Но Алика не возненавидела его за вторжение, напротив, впервые за последние семь безысходность минувшего ушла в картины, и давно забытое ощущение легкости вновь покорило ее, словно она уже держала в ладонях солнечный луч будущего.
– Спасибо тебе, – одними губами прошептала она.
– За что? – удивился Вадим.
– За то, что говоришь со мной об этом. Никто не хочет знать о моем прошлом, но я все еще там живу. Все спешат вперед, не оглядываясь, а я торможу их. И они уходят. Даже подруги мне перестали звонить. Иногда мне кажется, что более одинокого человека, чем я, нет на свете, – сквозь слезы она снова улыбалась, и улыбка благодарности превращала ее в клеверный сон Вадима.
– А твой автопортрет, можно мне его еще раз увидеть? – вспомнил Вадим о картине.
– Я продала его на выставке.
– Жаль! Ты выглядишь очень счастливой на портрете, словно летаешь, мне бы хотелось вернуть тебя – ту, прежнюю.
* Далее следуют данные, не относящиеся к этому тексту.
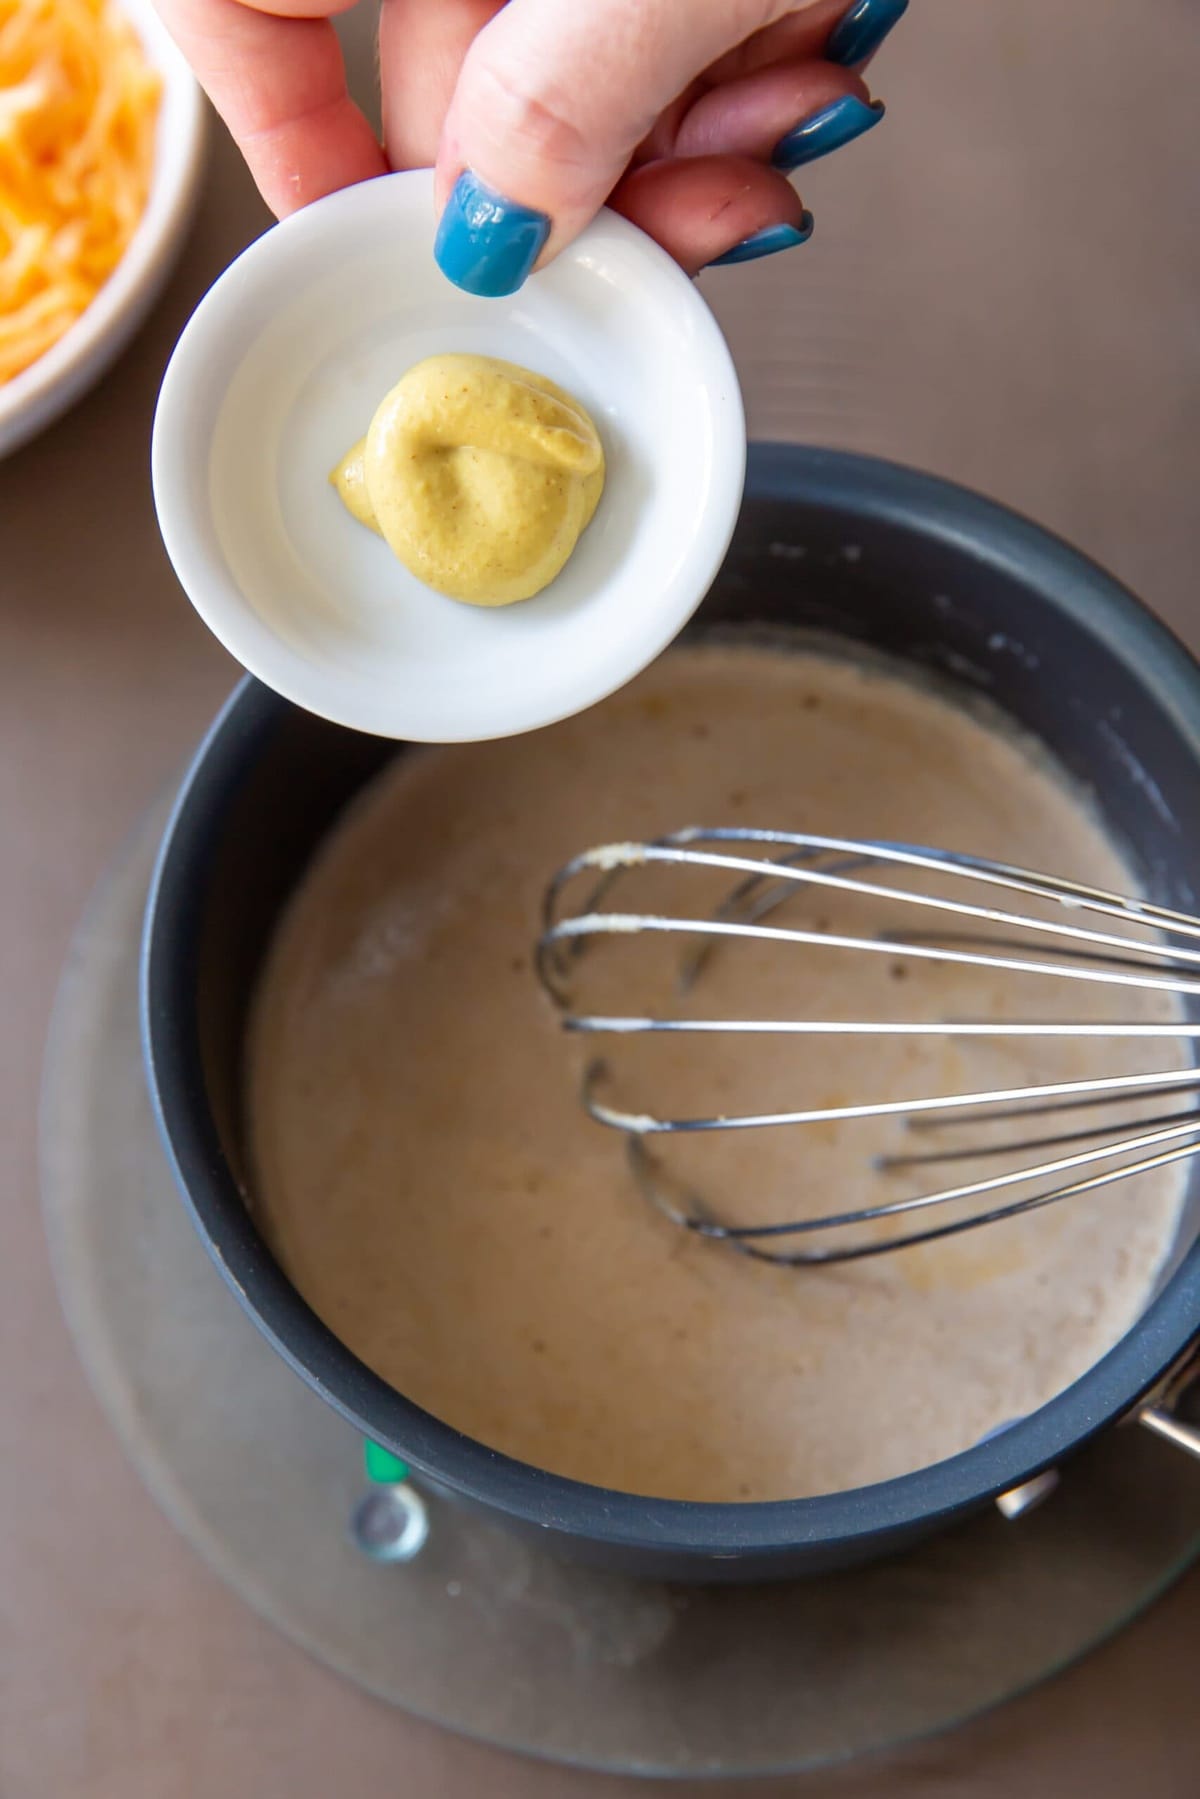 Adding Dijon mustard to the mixture while maintaining a continuous whisking motion to make sure it's evenly blended.

У Вадима был вид человека, утратившего мечту, и Алика решила подарить ему эту картину во что бы то ни стало. К тому же ей самой вдруг до головокружения захотелось повторить безвозвратно ушедшее ощущение полета тех дней. Вызвать его в памяти помог бы ее автопортрет семилетней давности. На картинах она умела видеть сквозь время.
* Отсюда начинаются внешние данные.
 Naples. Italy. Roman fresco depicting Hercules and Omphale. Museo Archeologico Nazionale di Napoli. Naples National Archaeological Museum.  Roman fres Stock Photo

И сейчас она стояла напротив чистого, как завтрашний день, холста и пыталась вернуться в прошлое. Это было похоже на парадокс, но она не могла восстановить картину по памяти. Семь лет она жила лишь прошлым, и вот именно теперь, когда воспоминания так необходимы, они ушли в приоткрытую дверь и забыли дорогу назад, как бы она ни звала их обратно. Из зеркала на нее смотрела уже совсем другая женщина. Вновь поймать те летящие по ветру движения счастья не получалось. Она пробовала рисовать снова и снова, но тщетно.
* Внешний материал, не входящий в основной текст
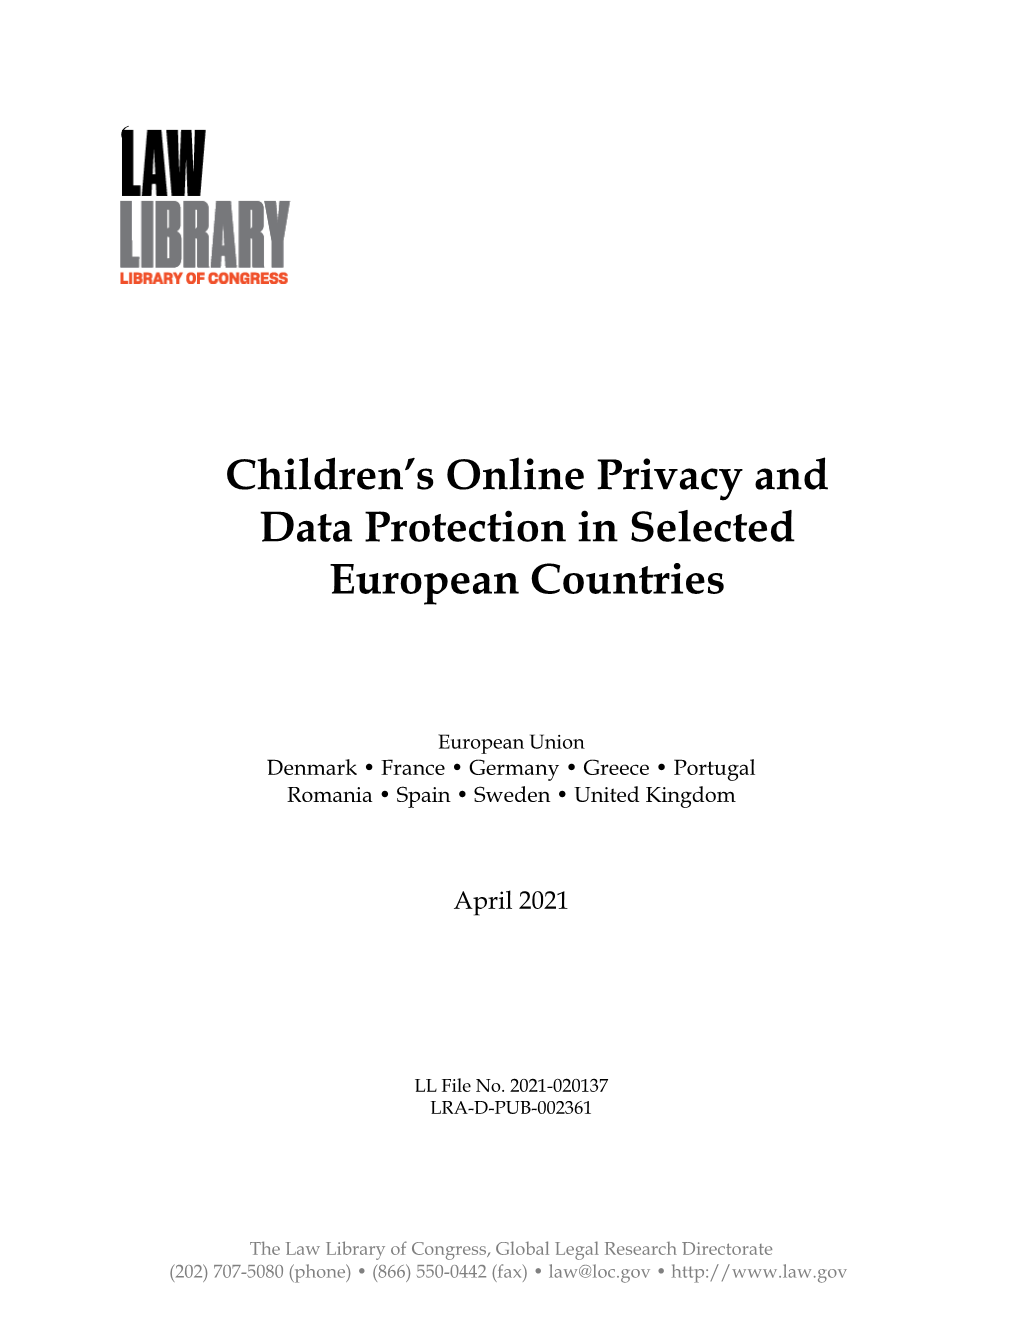 Children's Online Privacy and Data Protection in Selected European

Она медленно прошлась по комнате, задержавшись у туалетного столика и еще раз взглянув на себя в зеркало, потом решительно взяла в руки записную книжку и набрала номер знакомого коллекционера.
– Я хотела бы выкупить свою картину. Странно звучит, но так сложились обстоятельства. Или могу предложить взамен другую, – потребовала она.
– Алика, ты же знаешь, я – коллекционер. Для меня не представляет интереса любая твоя картина. Автопортрет стал последним аккордом в моей коллекции лиц, поэтому я купил его, – после минутного молчания обстоятельно объяснил коллекционер.
– Послушайте, а могу я выкупить свою картину за бо́льшие деньги, чем продала? – не сдавалась Алика.
В трубке снова повисло тягостное молчание.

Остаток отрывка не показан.